→ **Task to complete**
Once you find the line with "French style Gold" in the entries below, print it and each line after it up to and including the line with "Mirror Size: 25 x 31 inches.", exactly, without pictures.

→ **Records for the exercise**
════
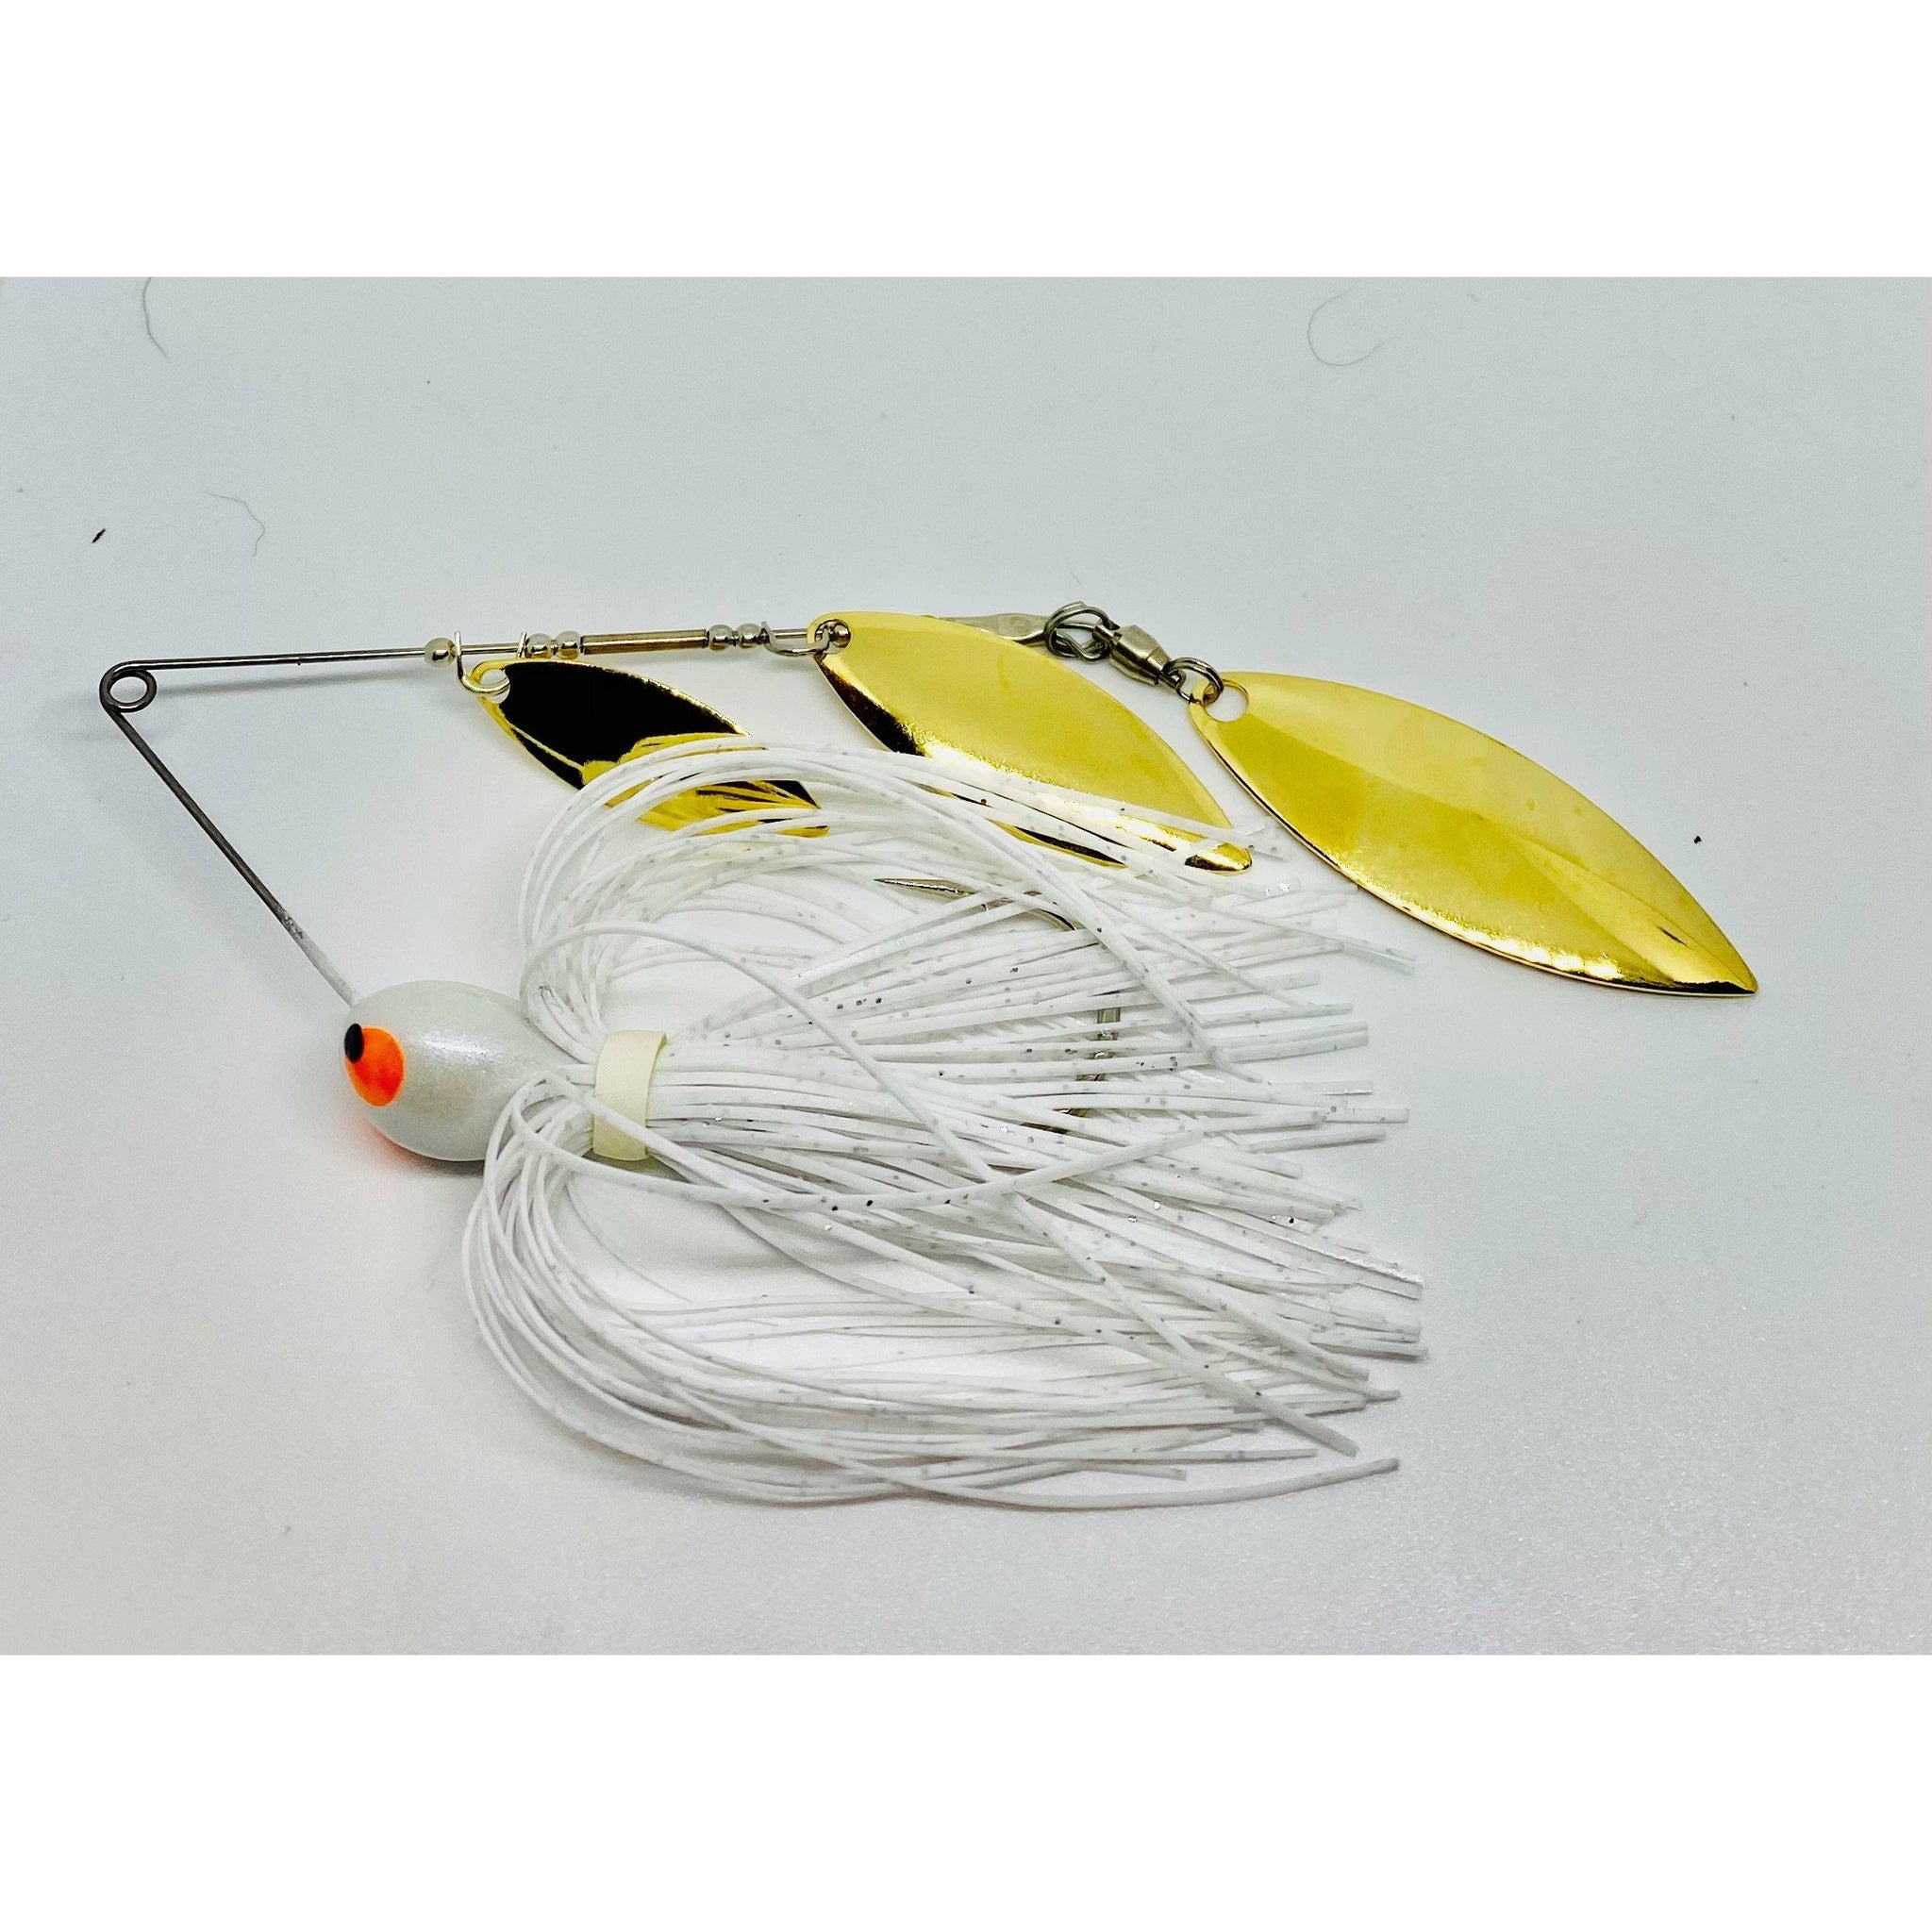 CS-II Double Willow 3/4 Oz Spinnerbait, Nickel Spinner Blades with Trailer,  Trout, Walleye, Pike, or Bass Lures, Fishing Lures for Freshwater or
════
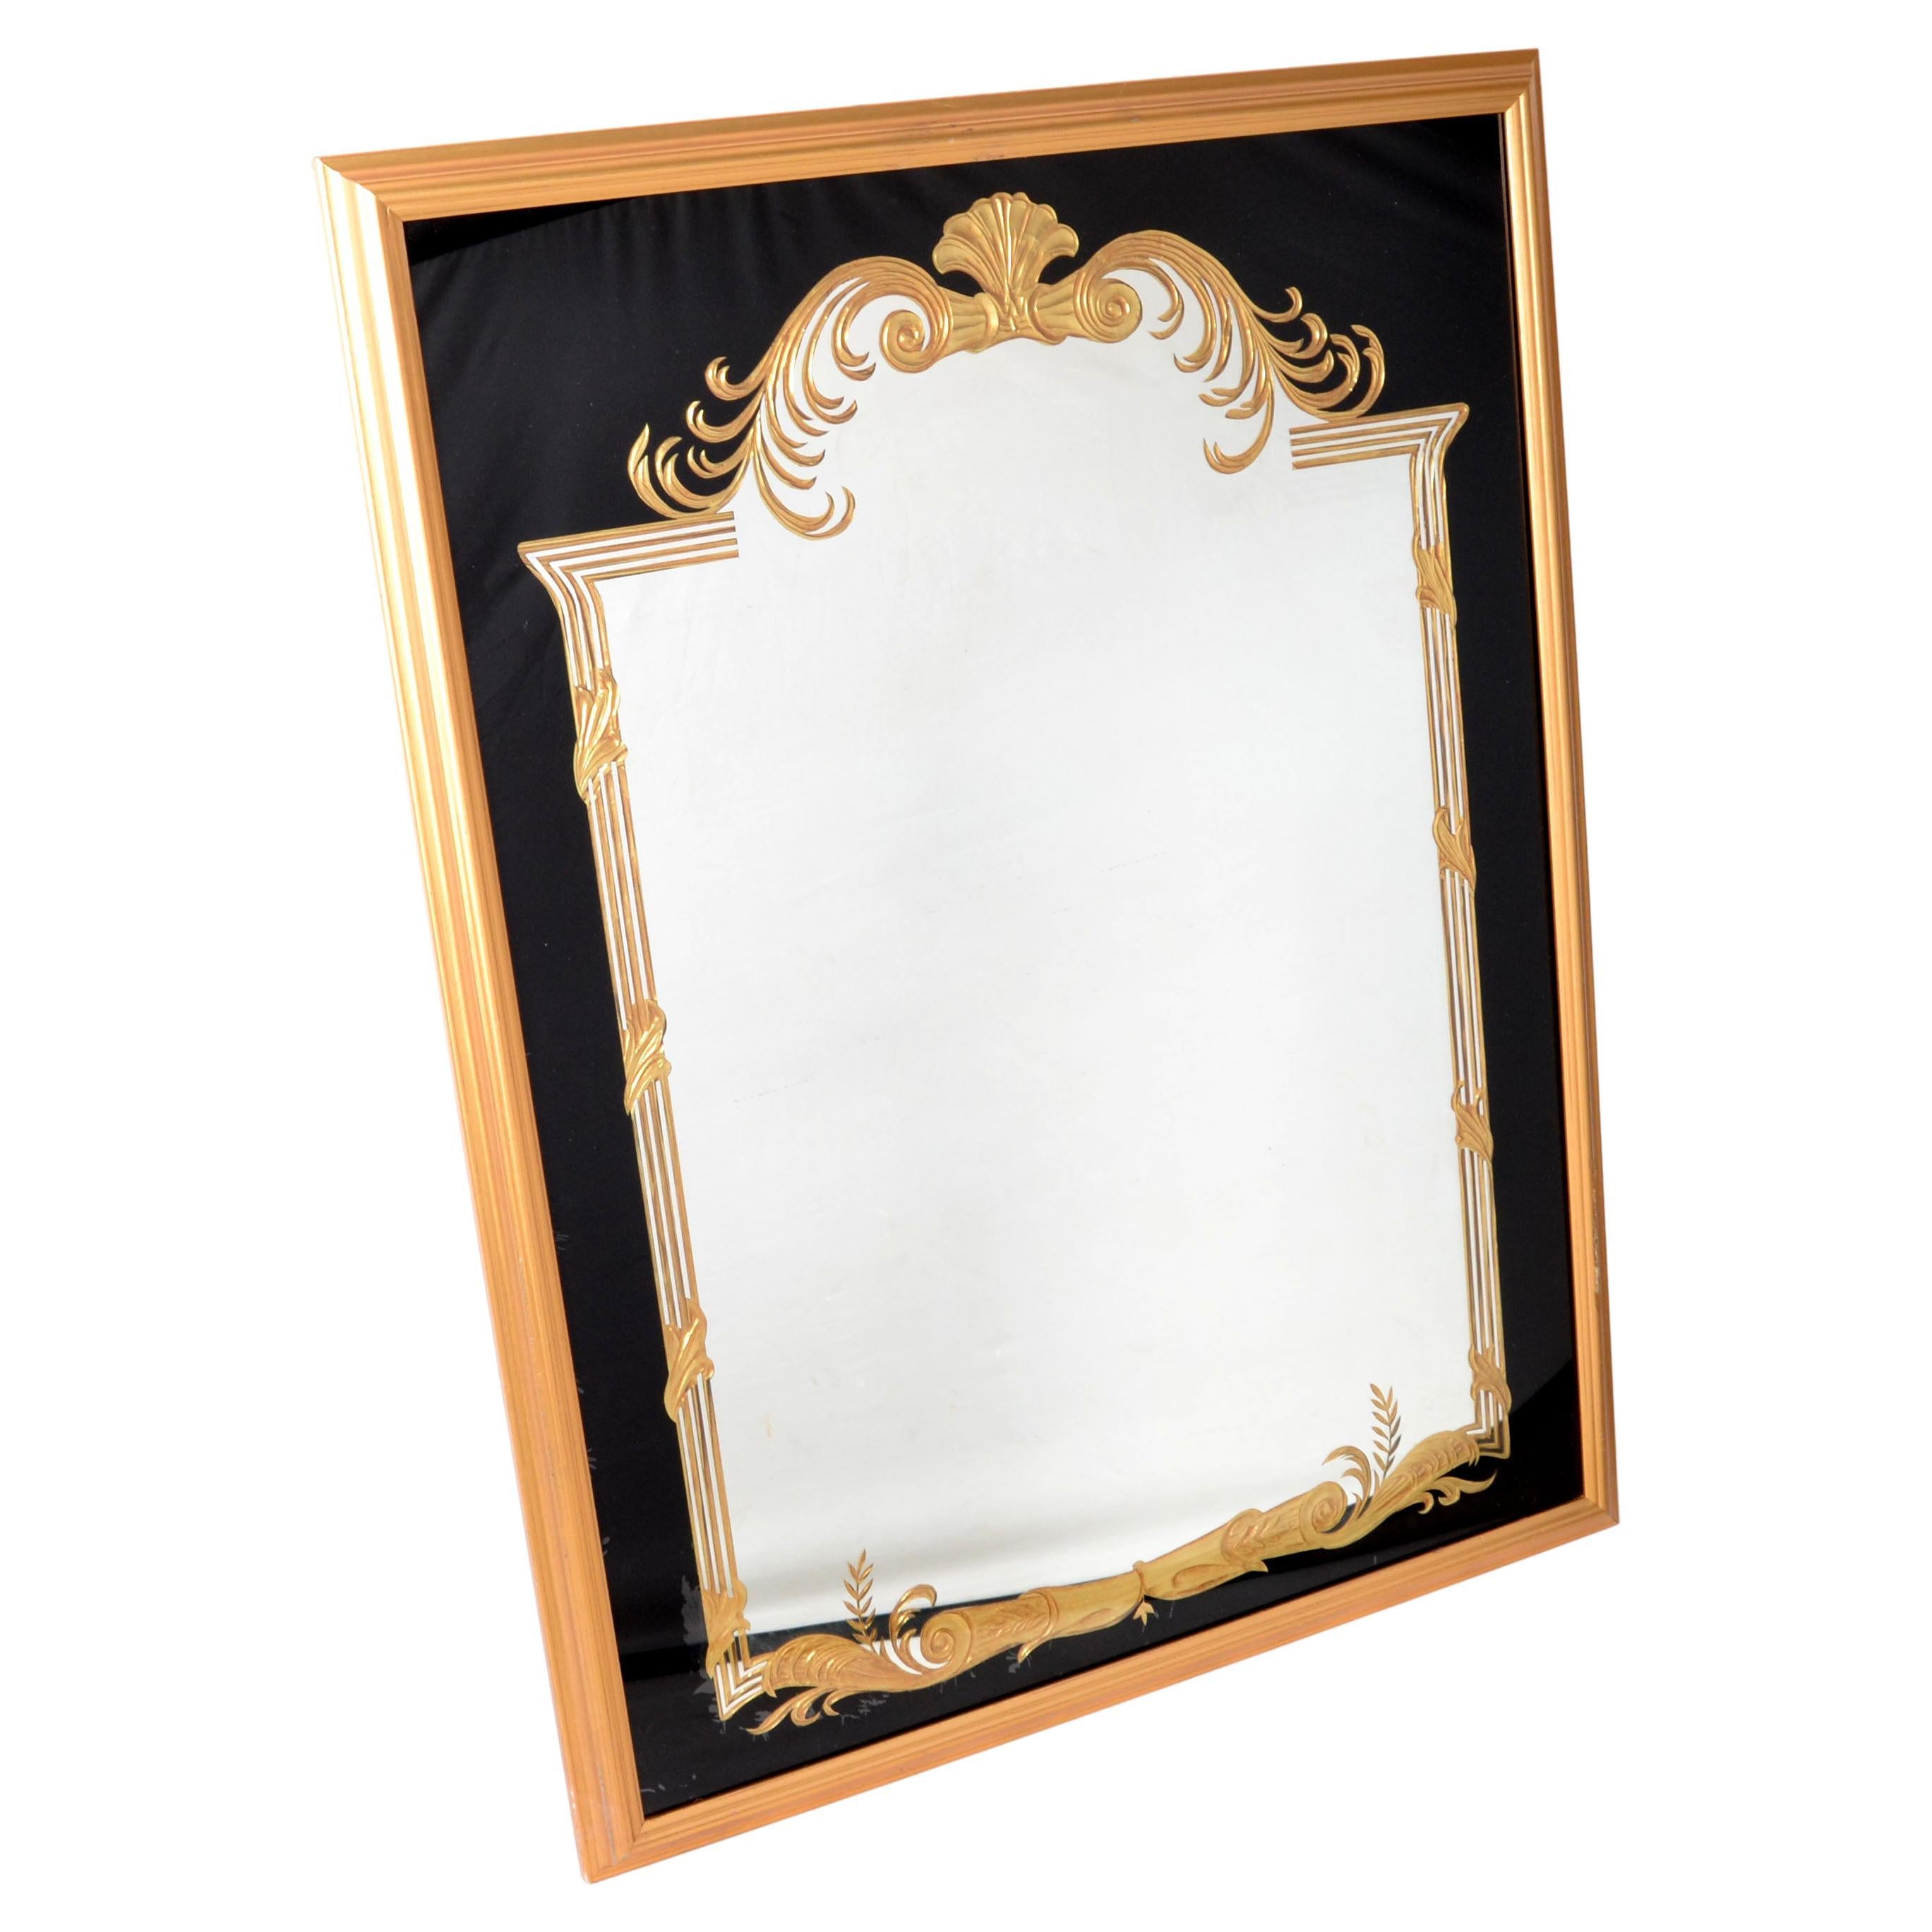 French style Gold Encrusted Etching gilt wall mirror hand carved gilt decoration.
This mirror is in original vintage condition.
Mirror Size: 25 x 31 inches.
════
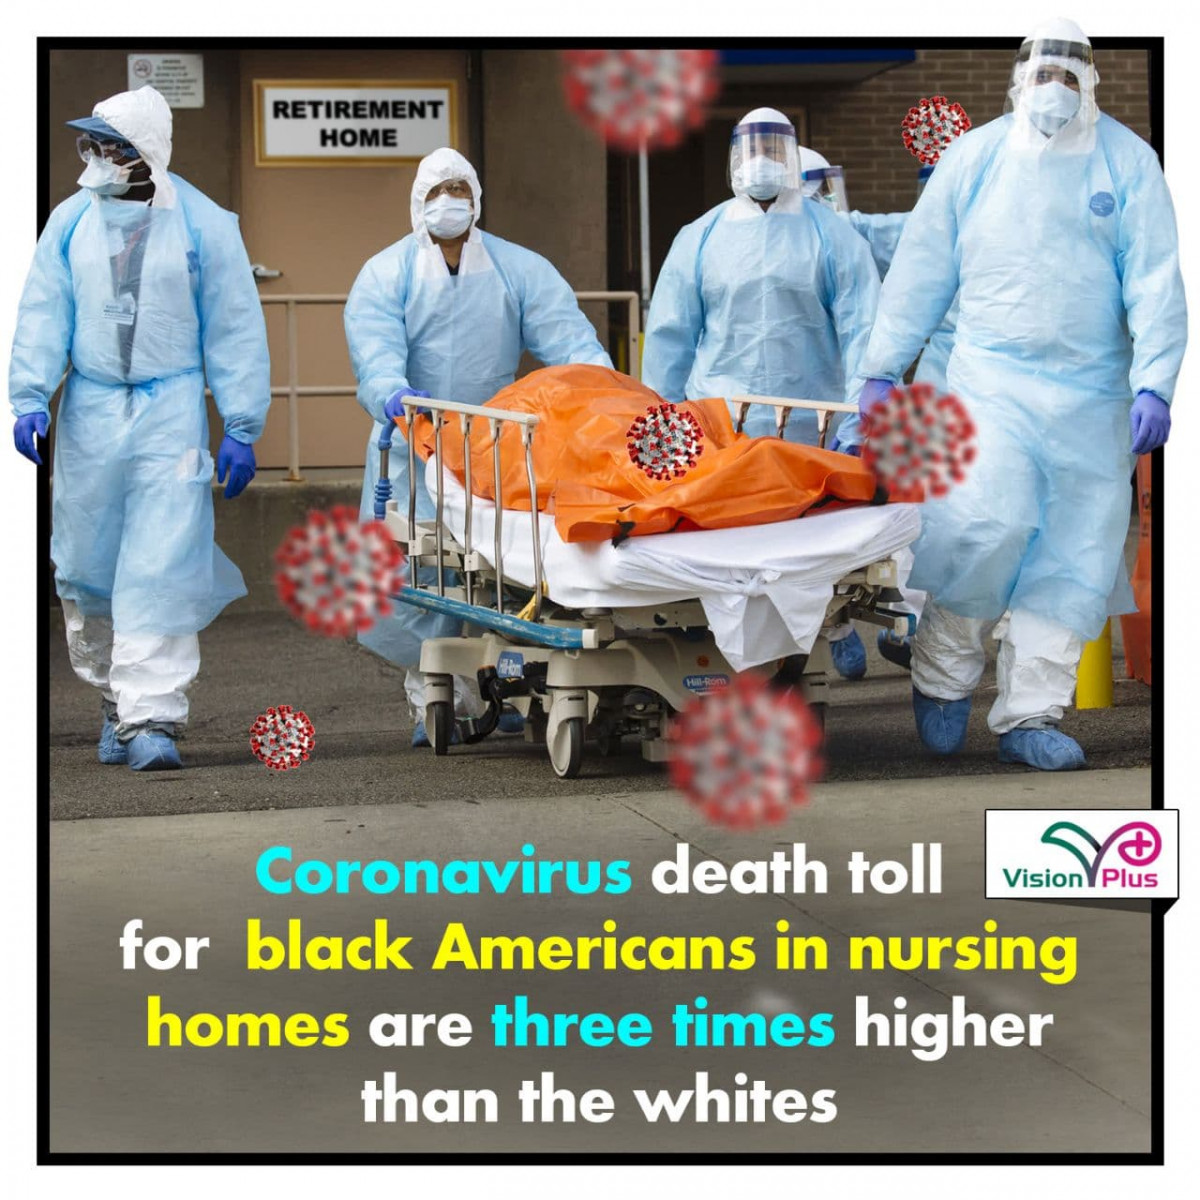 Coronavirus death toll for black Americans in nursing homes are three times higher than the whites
════
→ **The answer**
 French style Gold Encrusted Etching gilt wall mirror hand carved gilt decoration.
This mirror is in original vintage condition.
Mirror Size: 25 x 31 inches.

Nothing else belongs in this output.